Ce regard s’inscrit dans un modèle dimensionnel plutôt que catégoriel. Les classifications rigides comme le DSM, manuel diagnostique international, sont souvent insuffisantes pour rendre compte de la complexité des enfants. En réalité, les symptômes se chevauchent fréquemment et s’entrecroisent. C’est pourquoi la pédopsychiatrie contemporaine tend à considérer les troubles sur un continuum, en tenant compte des particularités de chaque enfant plutôt que de les enfermer dans des catégories figées.
Cette exploration inclut également les événements de vie problématiques : traumatismes, négligence, maltraitance, accidents ou adversités diverses. Les études longitudinales montrent que l’accumulation de ces expériences adverses peut avoir un impact profond et durable, tant sur la santé mentale que sur la santé physique. On sait, par exemple, que les enfants exposés à plusieurs traumatismes précoces peuvent perdre de nombreuses années d’espérance de vie s’ils n’ont pas bénéficié de soins ou de facteurs de résilience.
La pédopsychiatrie évolue aujourd’hui vers un modèle où l’on ne parle plus d’« enfants handicapés » mais d’enfants différents, porteurs de besoins spécifiques. C’est ce que l’on nomme le mouvement de la neurodiversité, qui invite à considérer les troubles – TDAH, TSA, troubles « dys » – non plus uniquement comme des déficits mais comme des différences. Même dans l’autisme, les profils sont variés. Certains enfants présentent des anomalies génétiques associées à un déficit intellectuel, tandis que d’autres, souvent qualifiés d’« Asperger », développent des compétences remarquables dans certains domaines. L’objectif n’est plus de corriger des déficits mais de trouver des aménagements et des accompagnements adaptés, qui permettent à chaque enfant de s’épanouir selon ses propres capacités.
Cette approche globale ne se limite pas à la biologie. Elle intègre aussi l’environnement relationnel – la famille, la fratrie, l’école, les amis – ainsi que la culture, la religion et le pays dans lequel l’enfant grandit. Un autiste au Vietnam, au Sénégal ou en Belgique présente les mêmes caractéristiques cliniques. Ce qui change, c’est la manière dont il est compris et accompagné. Cette réalité appelle à une ouverture culturelle et à une neutralité dans le regard porté sur l’enfant.
Former les jeunes psychiatres à cette approche est essentiel.
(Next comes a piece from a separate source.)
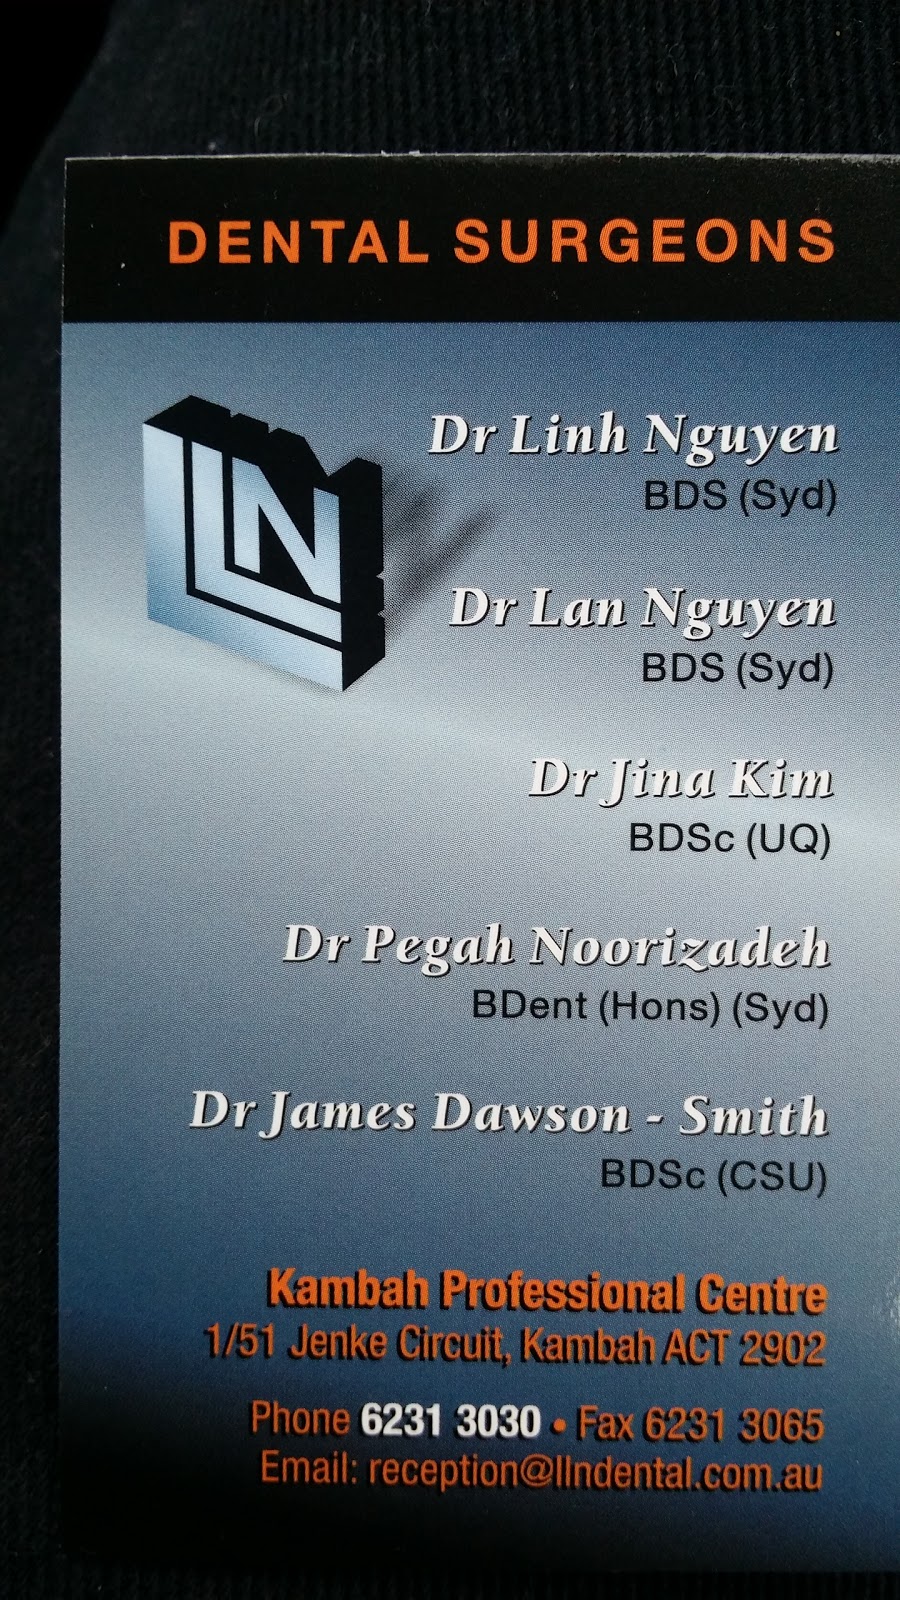 DR Linh & Lan Nguyen | Kambah Professional Centre, Unit 1 / 51 Jenke Circuit, Kambah ACT 2902, Australia | Phone: (02) 6231 3030

Lire un dossier avant de rencontrer un enfant risque de l’enfermer trop vite dans une pathologie. Au contraire, il faut prendre le temps d’écouter, d’observer, de reconstituer l’histoire de l’enfant dans sa famille avant de poser un diagnostic.
Mon rêve, aujourd’hui, serait de voir la psychiatrie se transformer pleinement dans cette direction. Sortir des anciens schémas figés, abandonner les classifications trop rigides, faire évoluer les pratiques vers une approche véritablement dimensionnelle et développementale. C’est ce mouvement qui donnera à la pédopsychiatrie, mais aussi à la psychiatrie adulte, les moyens d’offrir aux enfants et aux adolescents une compréhension plus juste, et donc des soins plus humains.